Day 1.
7 am. Sun's up. The first walk out of our rental apartment. A deep breath of clean air, vista of brilliant blue sky and turquoise sparkling ocean bordered by a reddish hued sand. It is so beautiful and welcoming.
I cross the road and immediately find an inviting walking/cycling path into a coastal nature reserve--pure exotic expansiveness. It is my favorite beach on our trip thus far.... and there is miles and miles and miles of it. I say to myself that even if is is humid and buggy in the wet, even if the town is uninspiring, that beach stretch is beguiling; I would live here.

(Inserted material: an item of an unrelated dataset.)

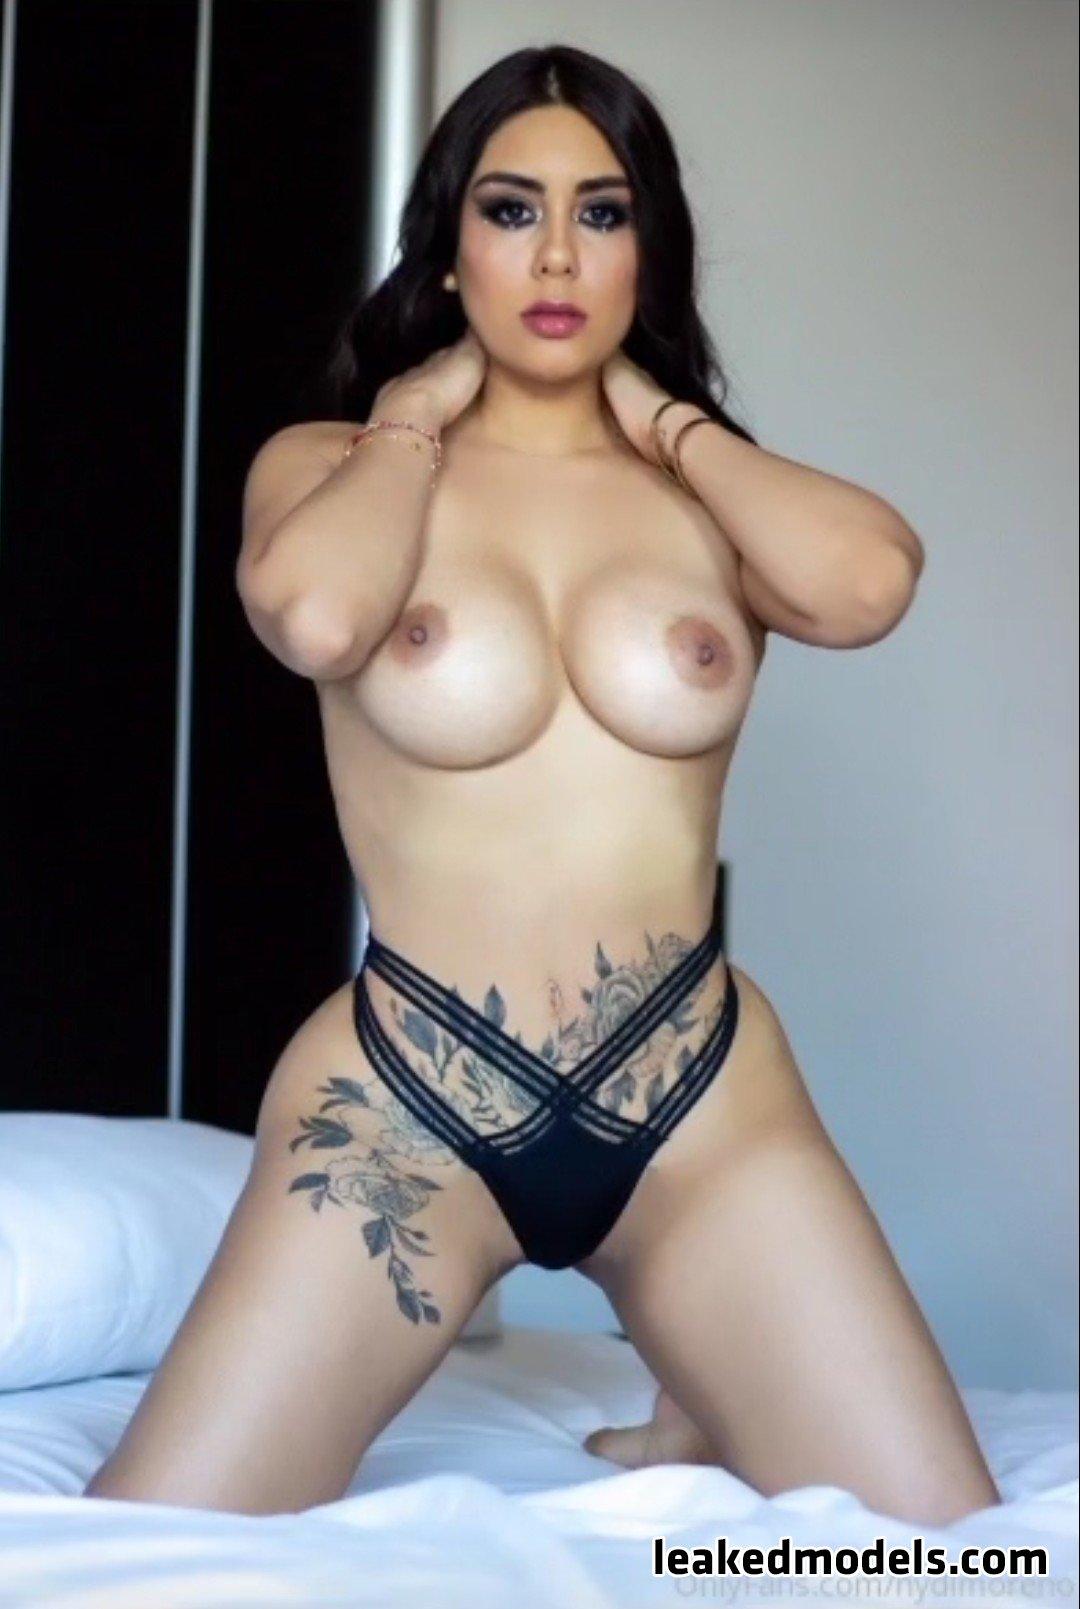 nydimoreno leaked nude leakedmodels.com 0015 - Nydia Moreno – nydimoreno OnlyFans Nude Leaks (25 Photos)

Most of Darwin's foreshore is park, path or wild. No side by side megaresorts with guards stopping outsiders from walking on their prime oceanfront land (as in Jimbaran, Bali). It feels freeing.
Birds are everywhere...Within an hour I saw common flocks of black and white ibis, sulphur crested cockatoos, rainbow lorikeets, galahs (like big pink and grey budgies), various sandpipers, kites. Everyday we see two or three "new to us" birds. We're delighted.

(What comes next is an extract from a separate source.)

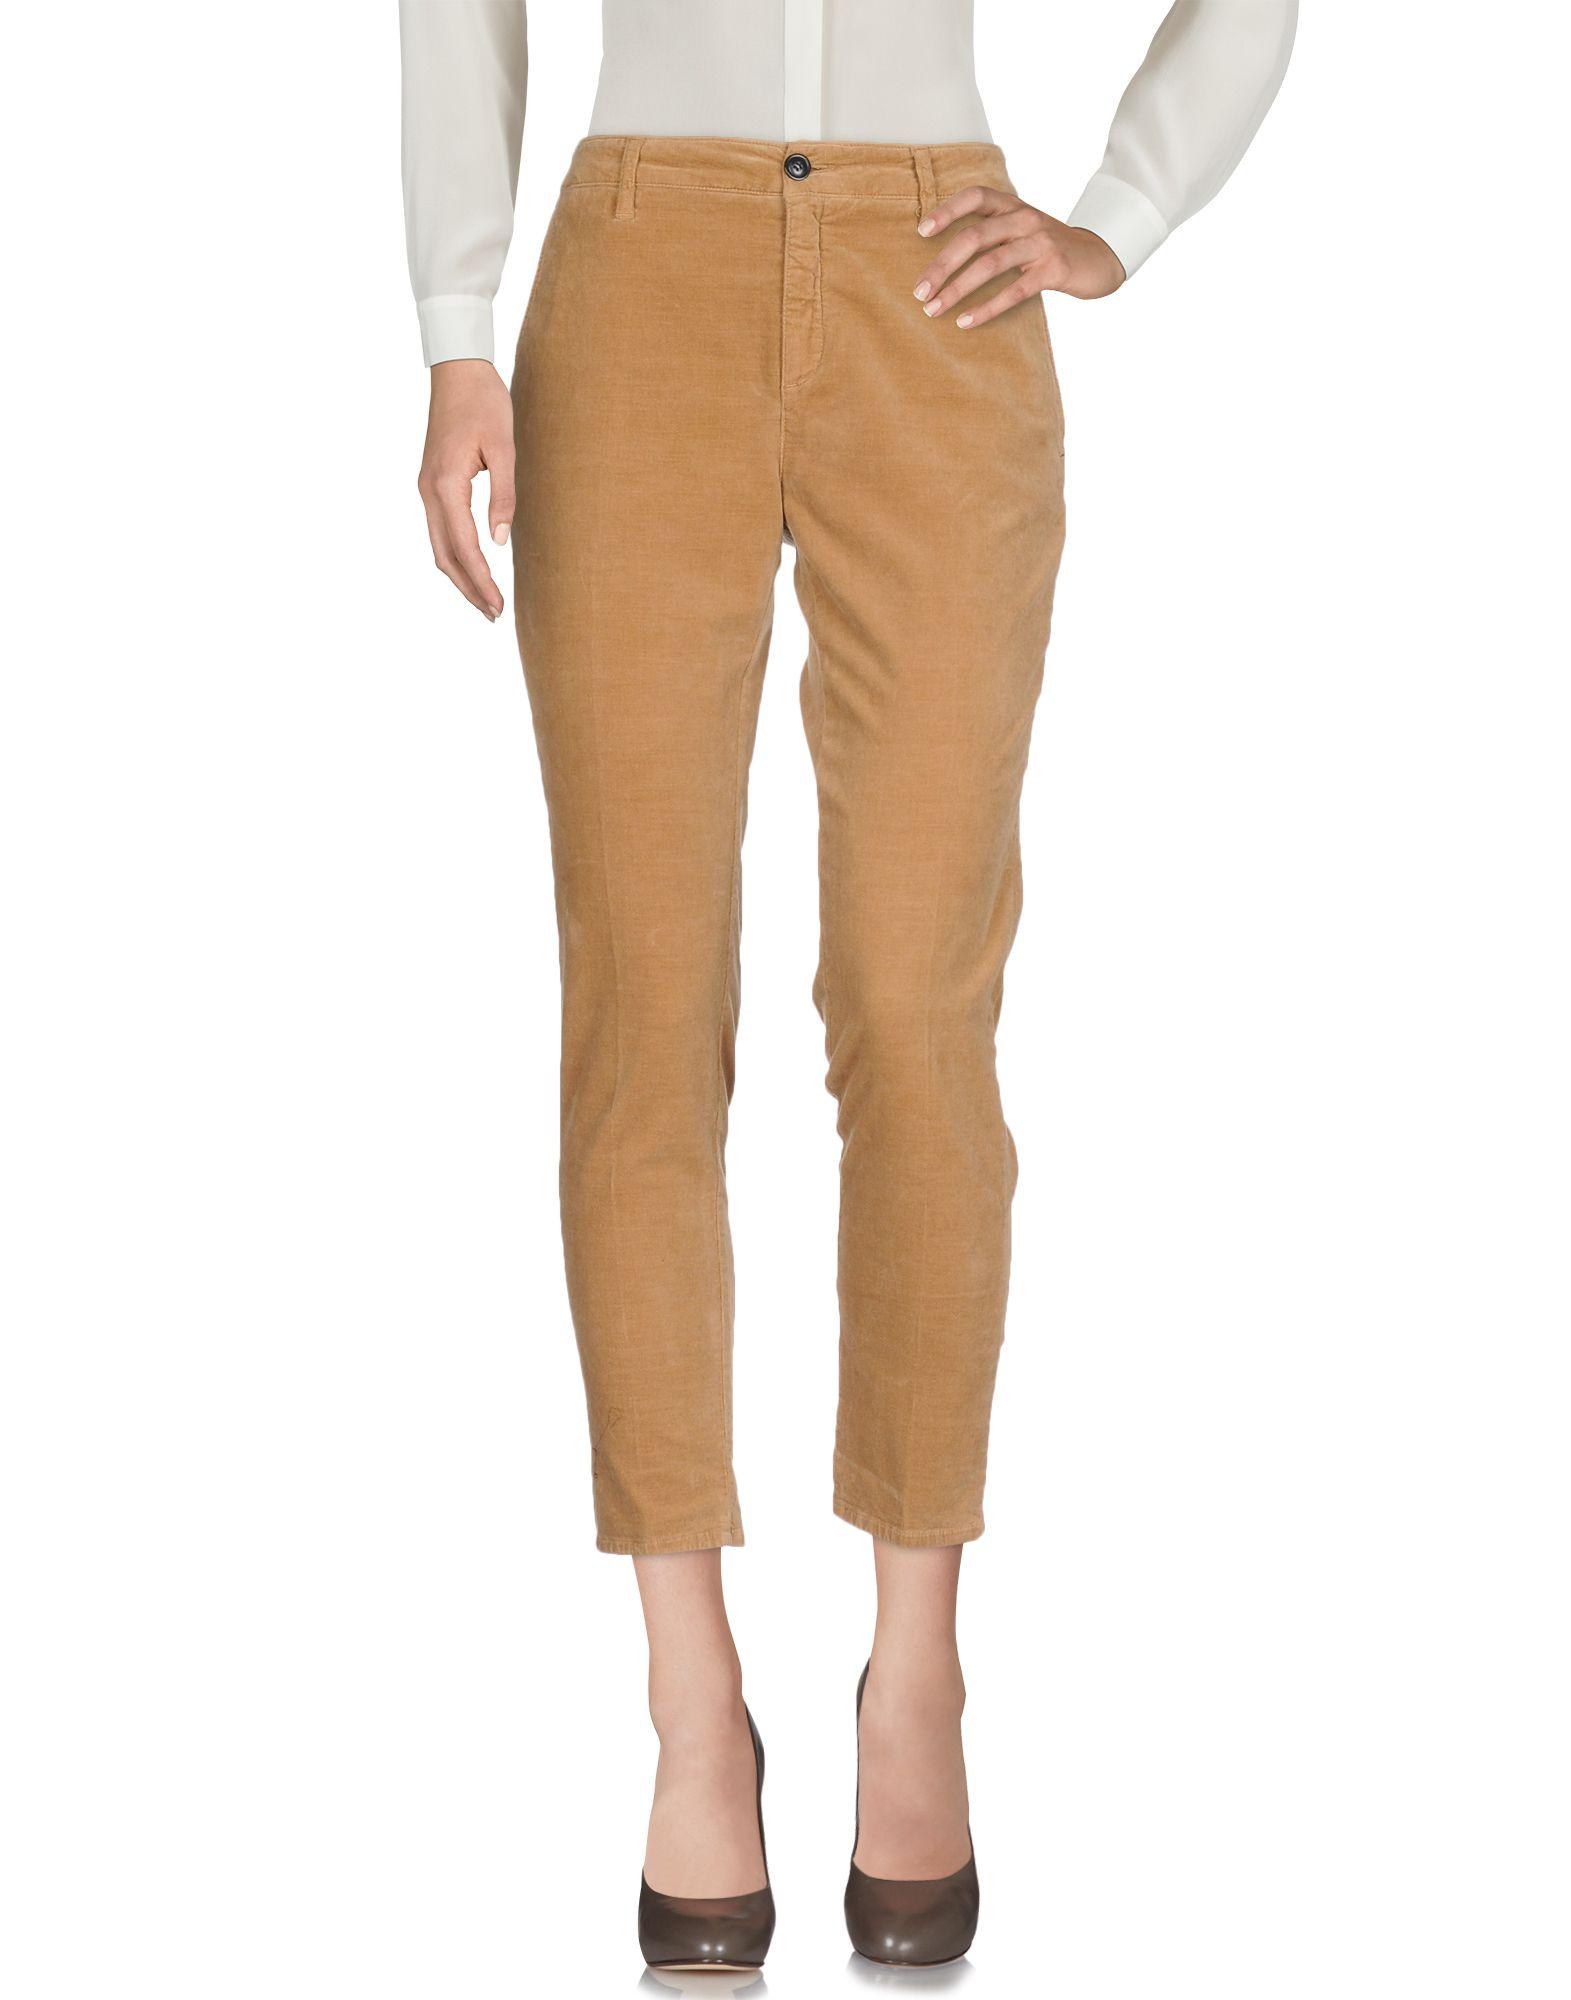 Pantalone Department 5 Donna - Acquista online su KcOJhA

We'd read our Darwin nature books and were well armed for all kinds of nasty critters like venomous spiders, python snakes and crocs (salties and freshies) "that than jump the length of their body!!!" So when we heard that a crocodile was spotted a few days ago around the beach area, we felt guarded about swimming. Teens, however, seem to disregard the warnings to not swim and were back in the ocean as soon as the partrol guy left the area. We chose to swim at the protected lake (with schools and schools of fish at our feet) and waited another day before ocean swimming-- after talking to reassuring locals -- and then, very close to shore!

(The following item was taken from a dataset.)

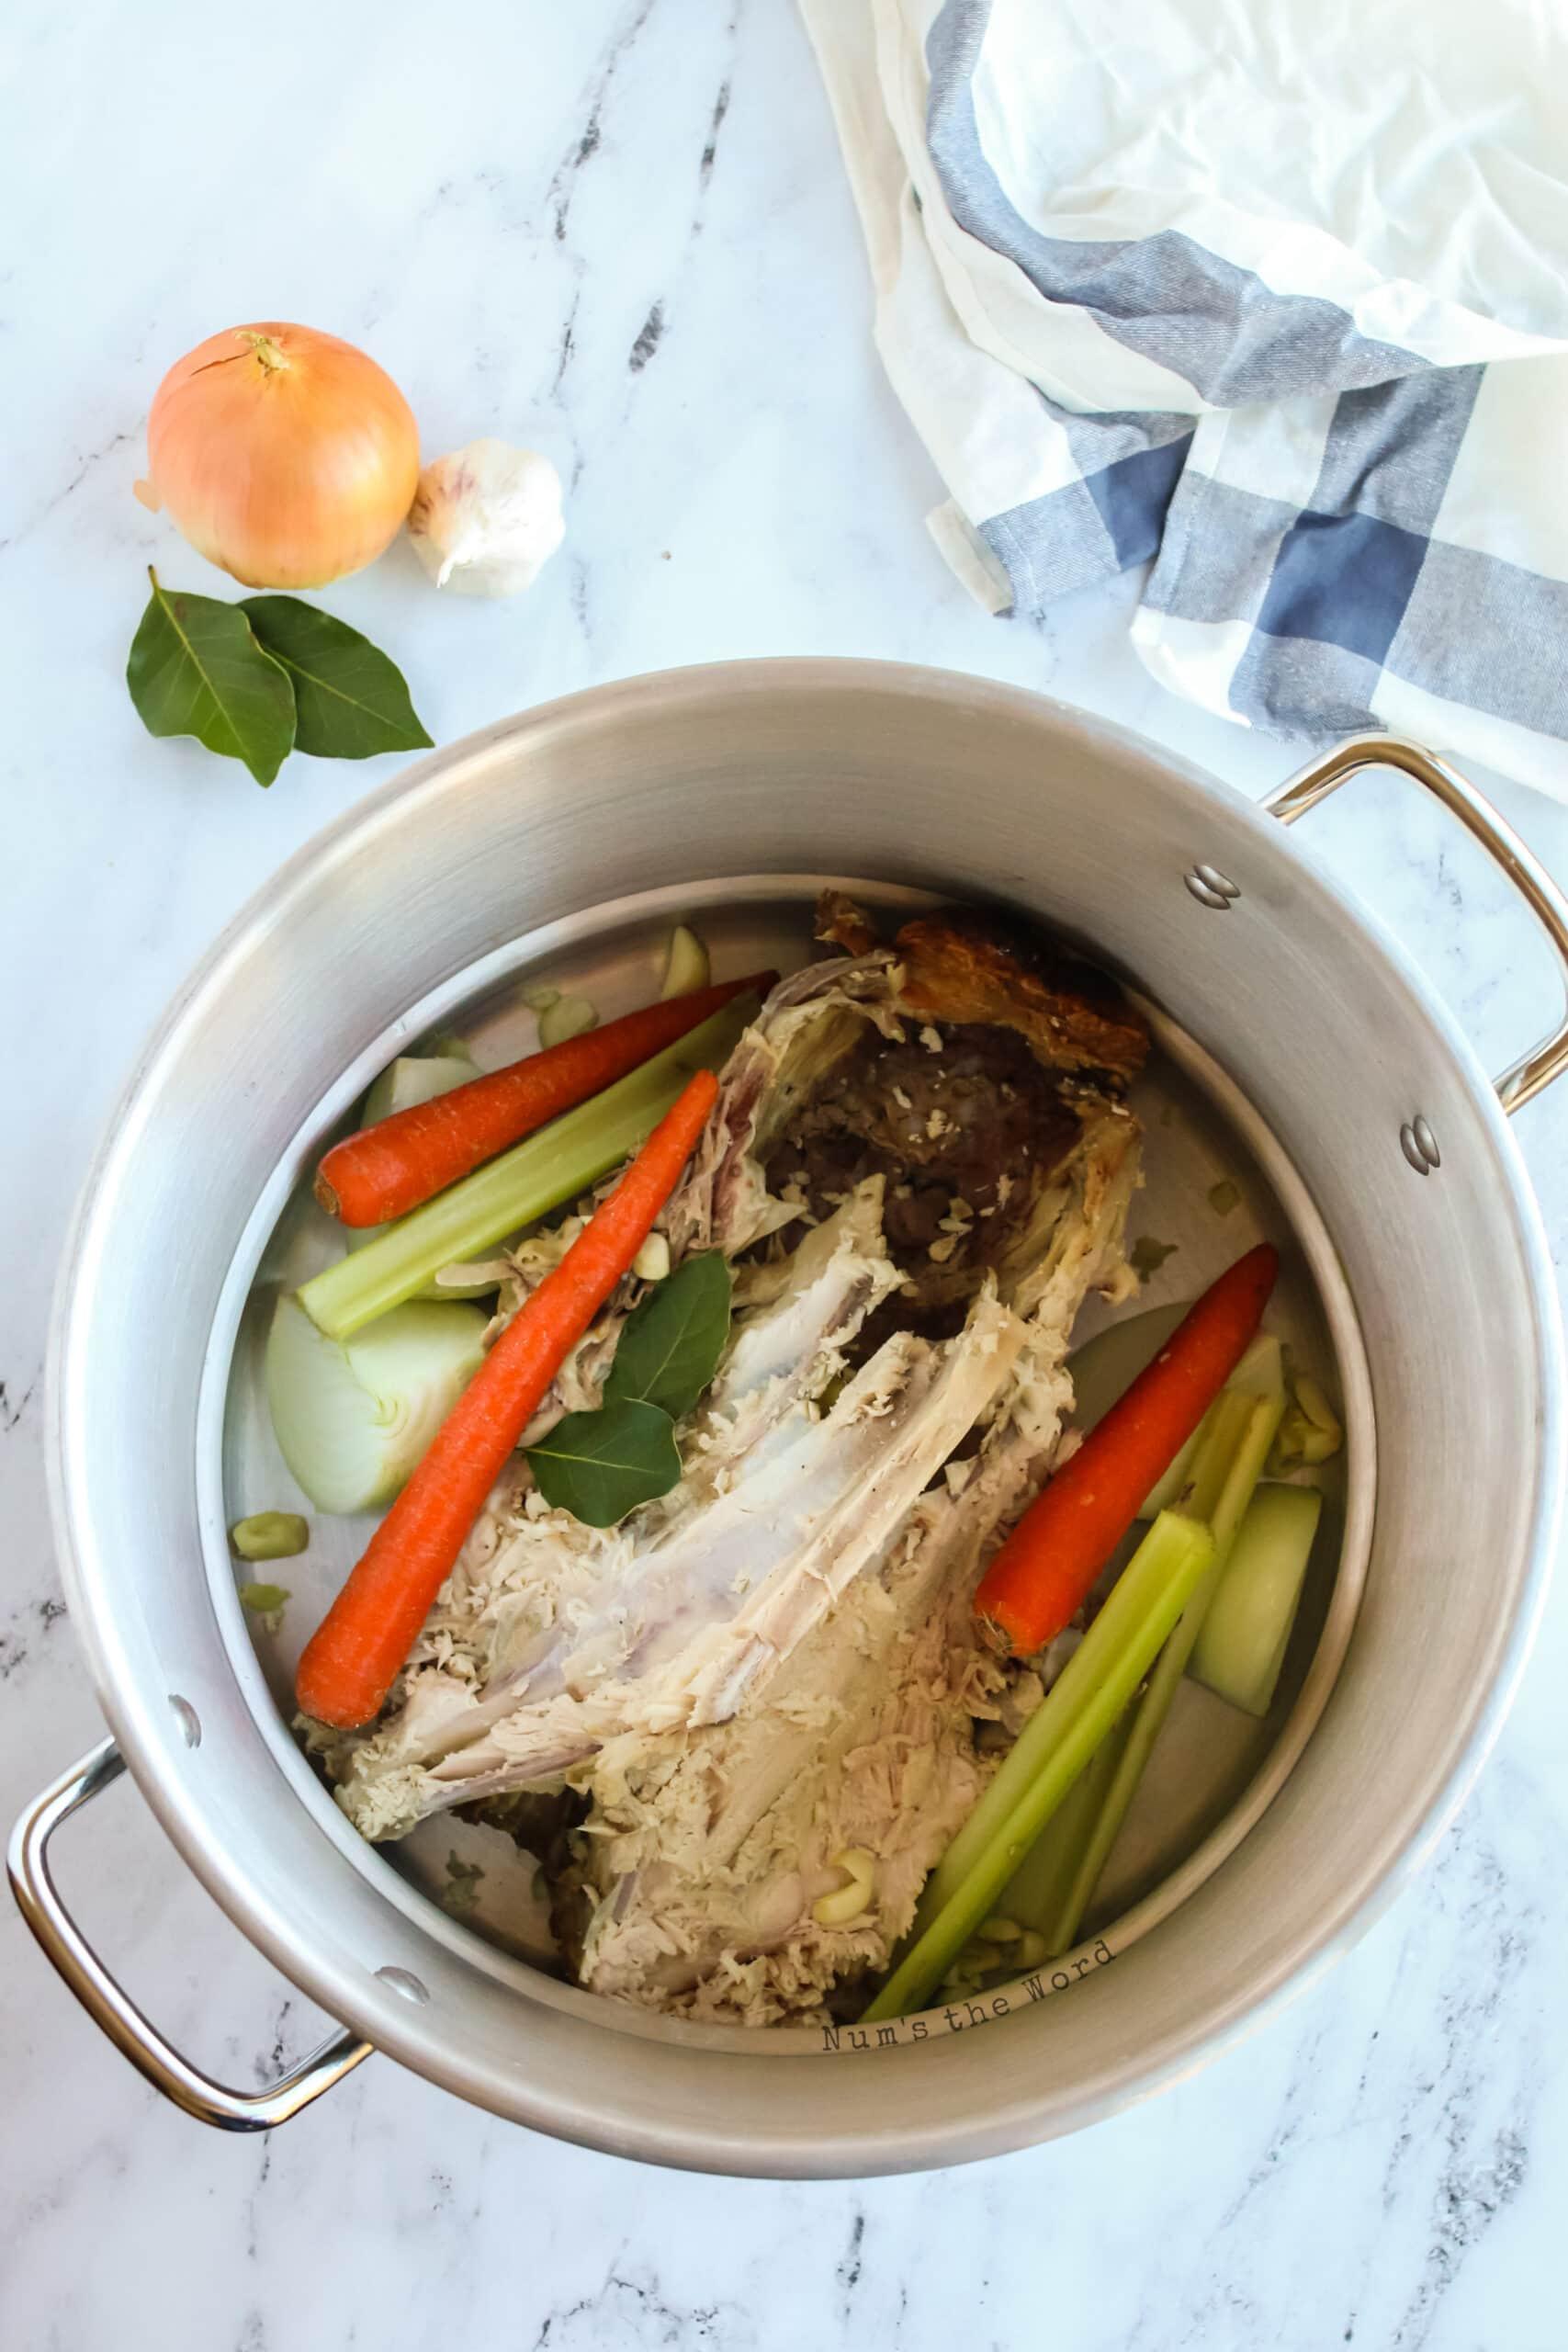 vegetables added to turkey bones in large pot

Our biggest Darwin adventure was a daytrip to Litchfield National Park.
http://www.nt.gov.au/nreta/parks/find/litchfield.html
http://en.travelnt.com/explore/darwin/litchfield-national-park.aspx
After driving through an hour-and-a-half of nondescript eucalytus shrub land (I am sure the ecosystem has a more exalted name) we got a look at 8 foot high magnetic termite mounds. They create these massive east west structures through their saliva, the purpose being to create the exact temperature needed to survive -- internal warmth at night, and cooling in the day. Primordial aircon. From there we found our way to Florence Falls. We swam under the falls and back--exhilerating! We then tromped along a parched trail in "Savannah woodland," delightfully ending at a series of cascading deep blue-green plunge pools. Alongside the pools were monitor lizards and in the pools, very big fish.
Off to Coff's Harbour... !
We spent the first couple of days finding our bearings and checking out the local area. Yesterday we unsuccessfully went Koala Bear spotting, but we enjoyed Muttonbird Lookout and saw some very big pelicans.
- Catherine
Sierra's Post
HHHHHHHHHHHeyyyyyy everyone!
We've decided that we will each write a paragraph or two for a family blog entry! Australia is beautiful! Since my mom wrote about Darwin I'll write about Coffs Harbour. It's a small little city with the basic things like Target (American Zellers) , food stores, movie theaters, excetera....And it is surrounded by a Beach/Harbour with ginormous waves! (today we might go boogie boarding).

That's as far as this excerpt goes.